Daniel couldn't suppress his grin. "Regards to Mrs. Moscowitz," he said.

The old man's eyebrows rose in exasperation.

"She's a nice woman, Abba."

"Very nice. The nicest. But not for me-that's no sin, is it?" A hand went up and adjusted the beret. "Now she's decided that the way to my heart is through my stomach-a Hadassah course in Yemenite cooking. Bean soup and kubaneh and kirshe every Shabbat. In addition to all her Ashkenazi food. I eat until I ache, for fear of hurting her feelings. Which is also why I haven't been able to tell her we're not a destined match." He smiled balefully at Daniel. "Can the police help in such matters?"

"Afraid not, Abba."

Shared laughter followed by an expectant silence.

"Shabbat shalom, Abba."

"Shabbat shalom. It was good to see you."

His father continued to hold his hands. Squeezing. Lingering. Suddenly, the old man brought the damaged hand to his lips, kissed the scar tissue, and let go.

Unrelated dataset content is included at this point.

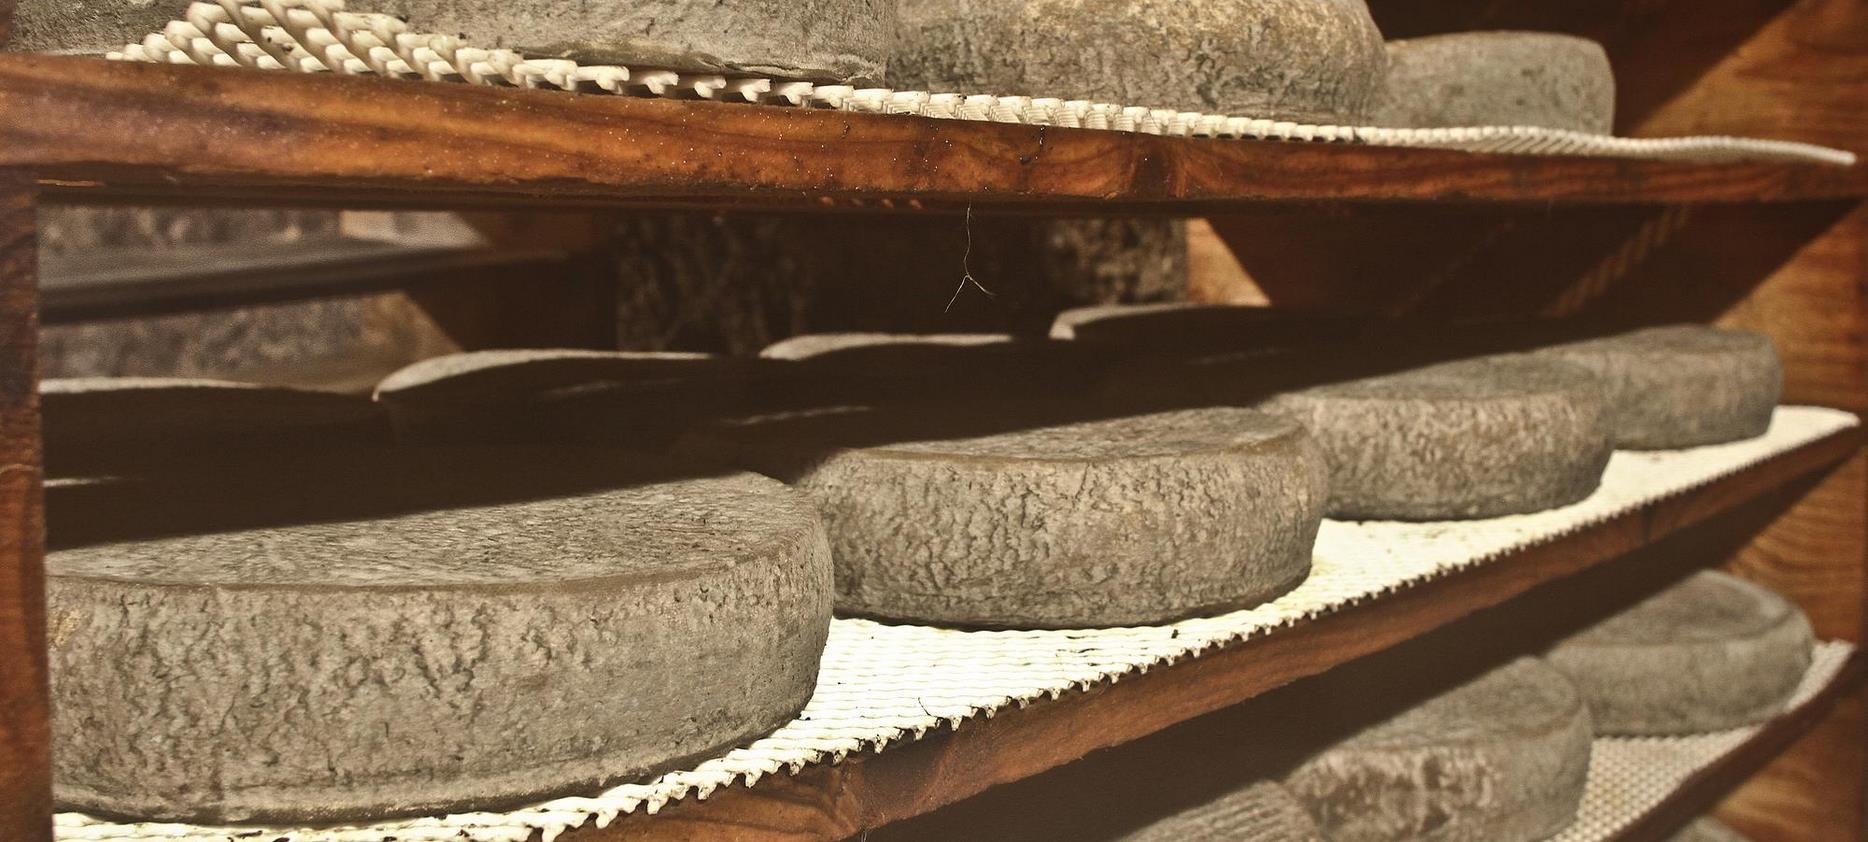 AOP Auvergne cheese - refining cellar of Saint Nectaire farmer

"What you do is also an art," he said. "You must remember that."

On the way back up to The Star, he passed close to the shwarma stand, caught a glint of metal, and stopped: a long bladed knife, flashing like a silver minnow in the hands of the counterman. Assaulting the meat as it turned slowly on the spit, the lamb splitting open and crackling with surrender as layer after layer fell from the cone. An everyday thing; he'd seen it thousands of times without noticing.

The counterman was a lanky Moroccan Jew, face wet with perspiration, apron dotted with gravy. He finished preparing a sandwich for a customer, saw Daniel staring, shouted out that the shwarma was fresh, and offered to cut the detective a juicy one. Shaking his head no, Daniel resumed his climb.

The door to The Star was wide open, leading to a small, dim entry hall backed by a curtain of painted wooden beads. Parting the beads, he walked in.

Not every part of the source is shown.